1. First, navigate to the Keen destination connector on Airbyte's website.
2. Click on the "Get Started" button to begin the setup process.
3. Enter your Keen API credentials, including your Project ID and Write Key.
4. Choose the tables you want to sync from your Keen project.
5. Map the fields from your source data to the corresponding fields in Keen.
6. Test the connection to ensure that the data is being synced correctly.
7. Once you have verified that the data is being synced correctly, you can schedule the sync to run automatically at regular intervals.
8. You can also monitor the sync status and view any errors or warnings that may occur during the sync process.
9. If you need to make any changes to the sync settings, you can easily do so by navigating back to the Keen destination connector on Airbyte's website and adjusting the settings as needed.

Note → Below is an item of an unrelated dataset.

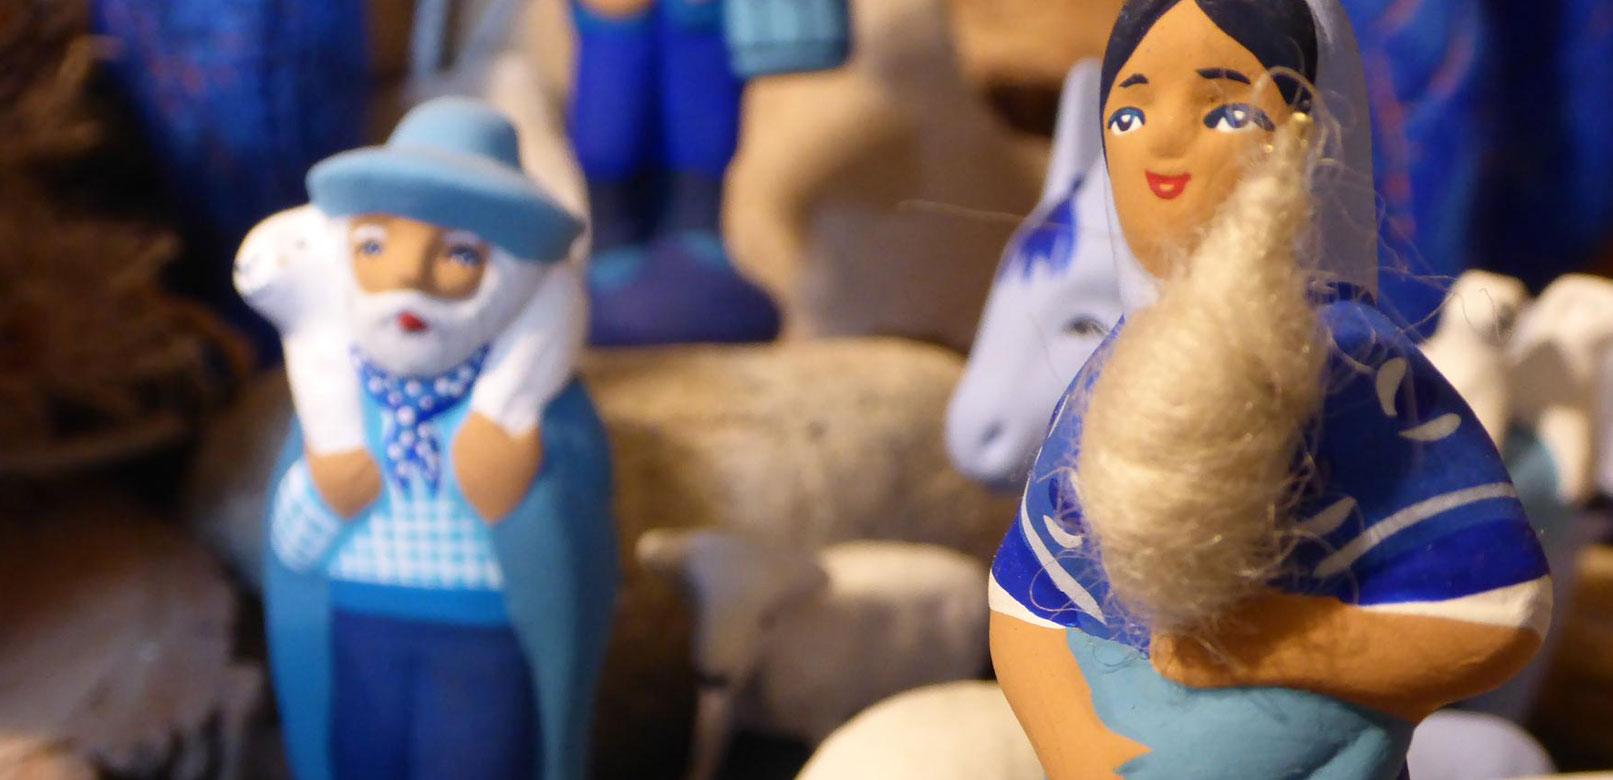 Blauwe santons © Santons bleus

10. Finally, you can use the synced data in Keen to gain insights and make data-driven decisions for your business.
What is ELT?
ELT, standing for Extract, Load, Transform, is a modern take on the traditional ETL data integration process. In ELT, data is first extracted from various sources, loaded directly into a data warehouse, and then transformed. This approach enhances data processing speed, analytical flexibility and autonomy.
Difference between ETL and ELT?
ETL and ELT are critical data integration strategies with key differences. ETL (Extract, Transform, Load) transforms data before loading, ideal for structured data. In contrast, ELT (Extract, Load, Transform) loads data before transformation, perfect for processing large, diverse data sets in modern data warehouses. ELT is becoming the new standard as it offers a lot more flexibility and autonomy to data analysts.